Extracted data entries:
---+---

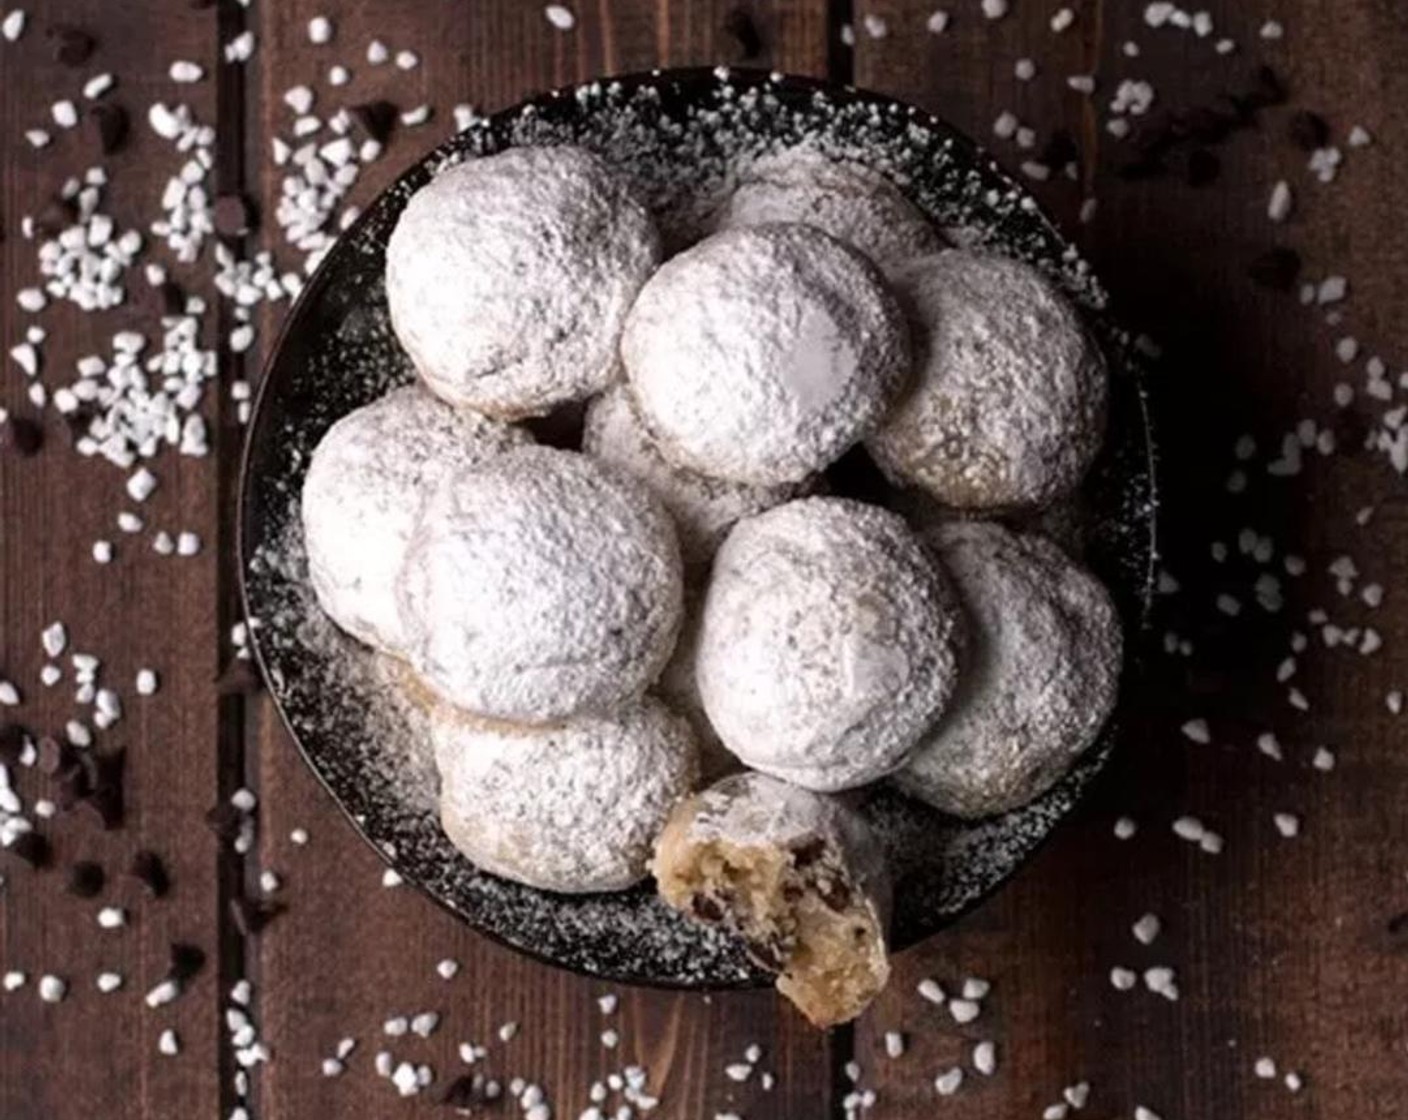 Swedish Pearl Snowball Cookies
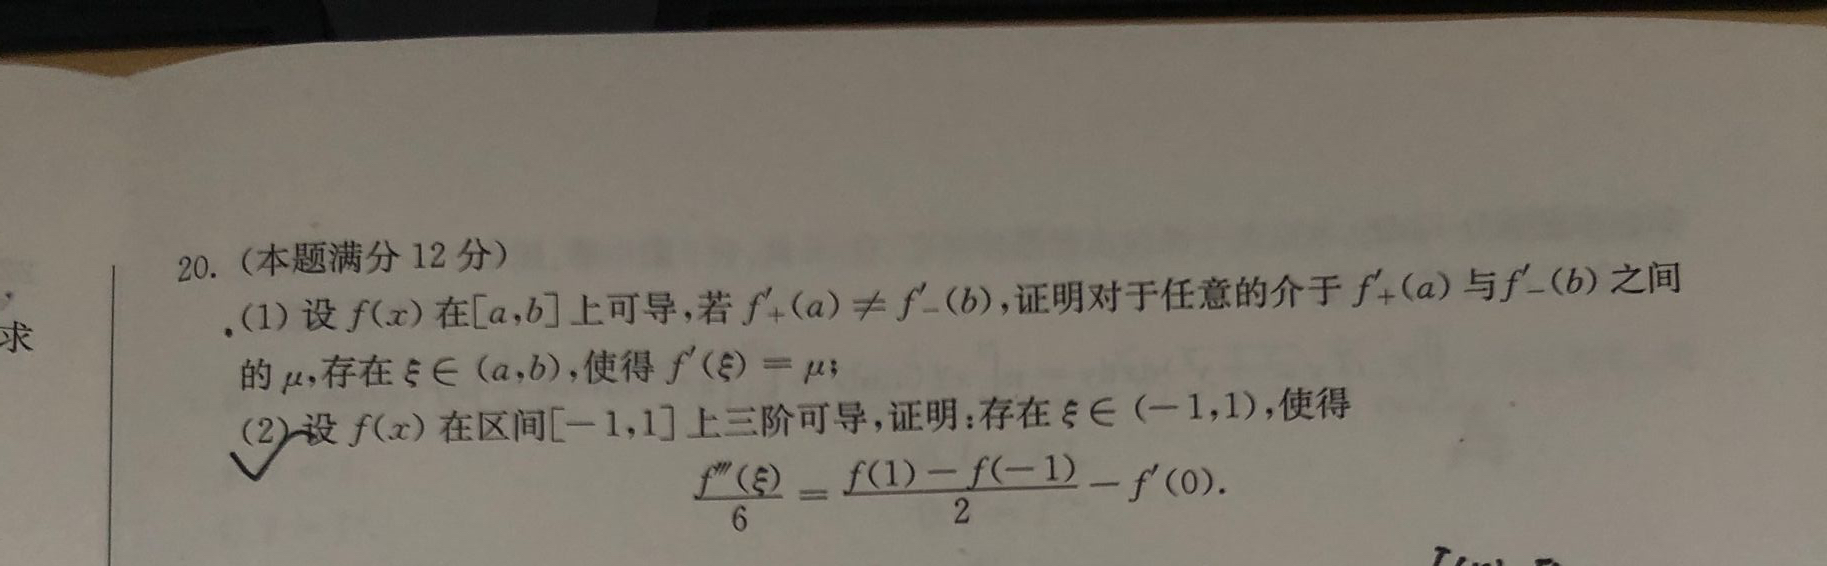 '></div><hr><h3>老师回复问题</h3>必须用达布定理，因为题目里面并没有说f
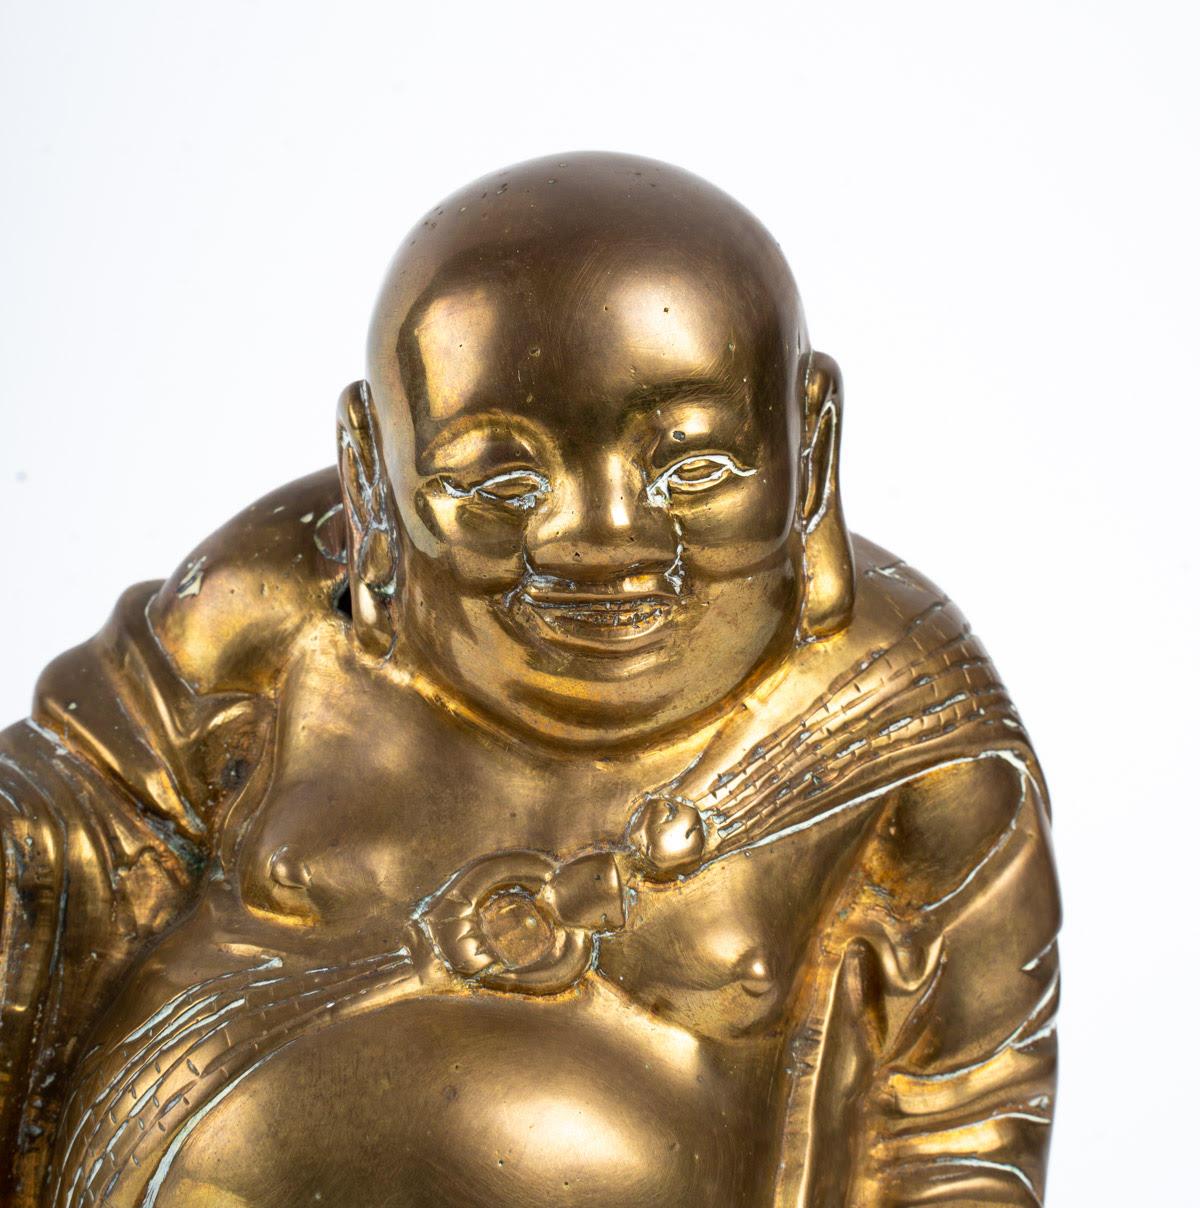 Bronze Buddha, 20th century.
Measures: H 26 cm, W 20 cm, D 10 cm.
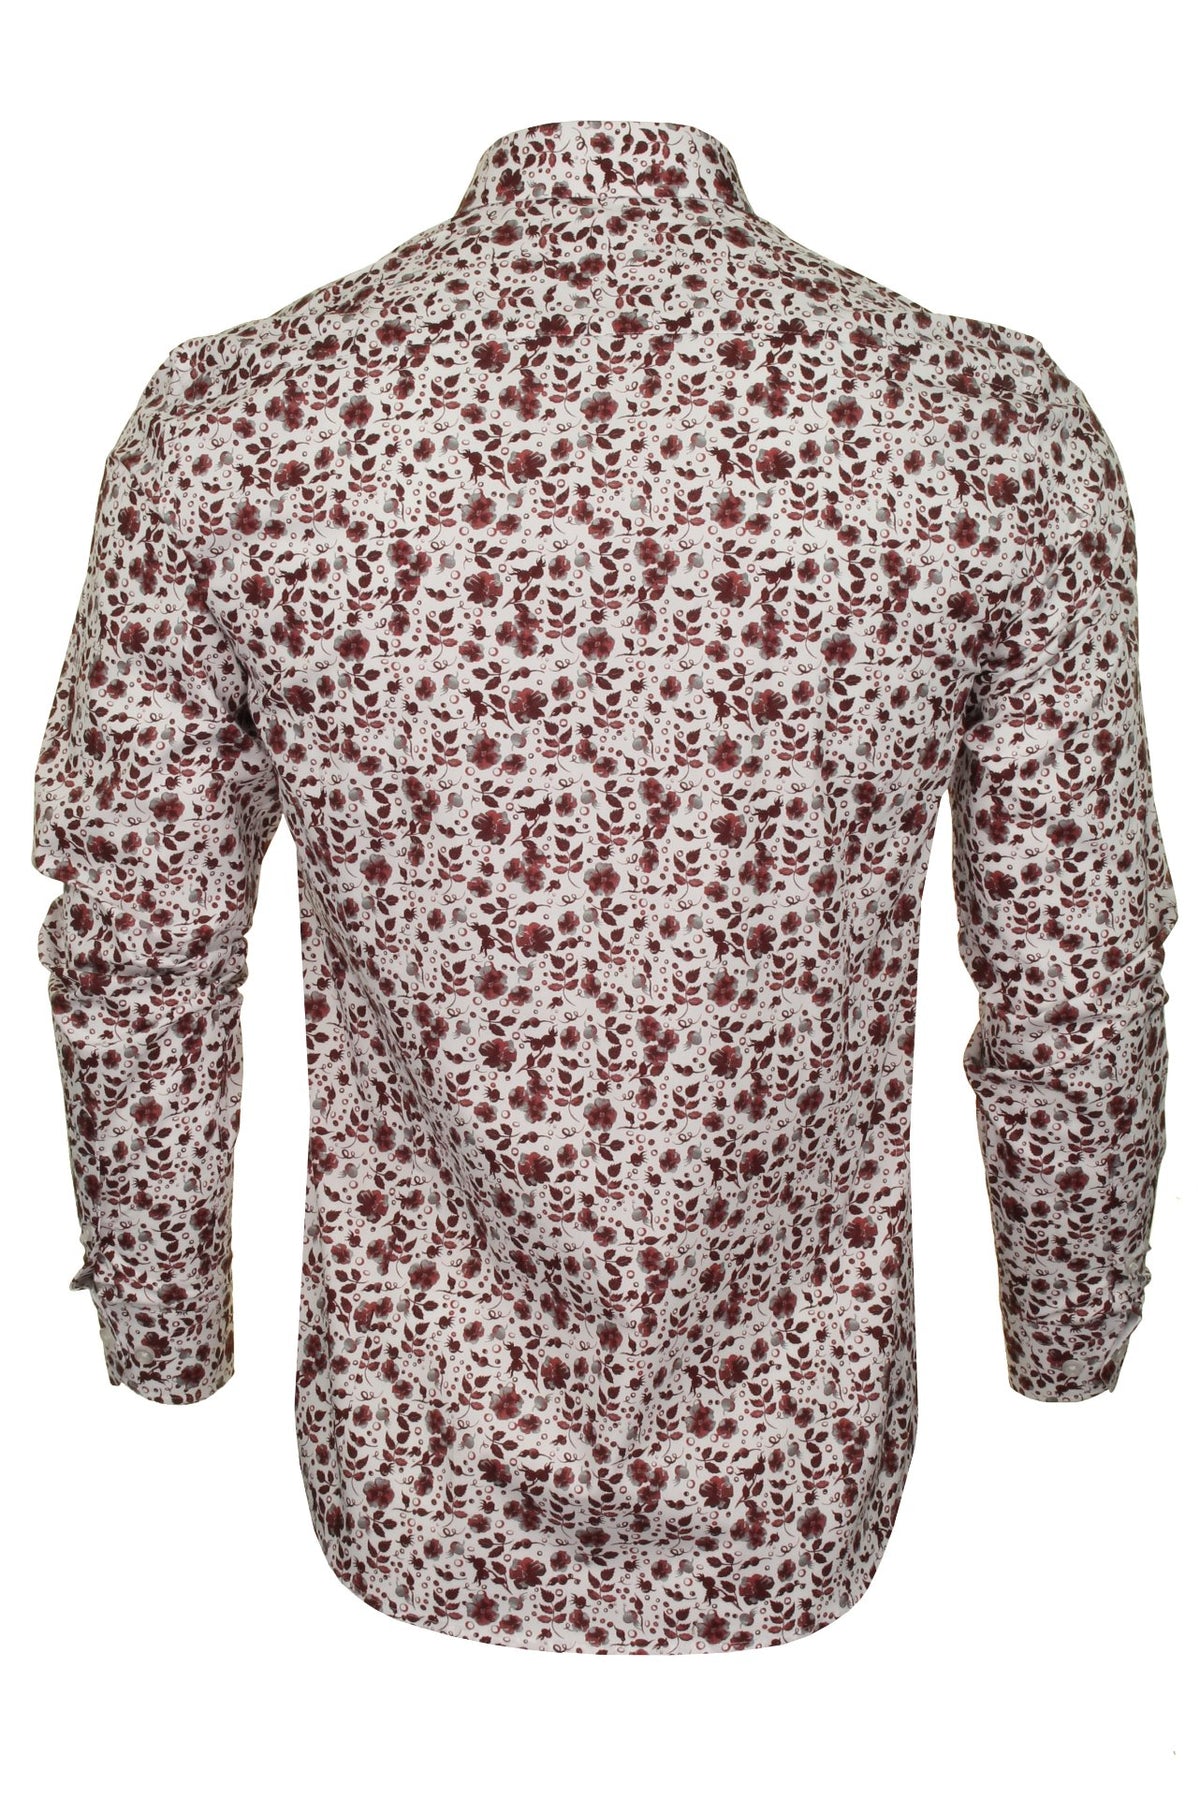 Xact Mens Floral Long Sleeved Shirt, 03, Xsh1089, White/ Burgundy

---+---

**Goal of the exercise:** Output the data above exactly. Drop every picture.

**Result:**
 Swedish Pearl Snowball Cookies
 '></div><hr><h3>老师回复问题</h3>必须用达布定理，因为题目里面并没有说f
 Bronze Buddha, 20th century.
Measures: H 26 cm, W 20 cm, D 10 cm.
 Xact Mens Floral Long Sleeved Shirt, 03, Xsh1089, White/ Burgundy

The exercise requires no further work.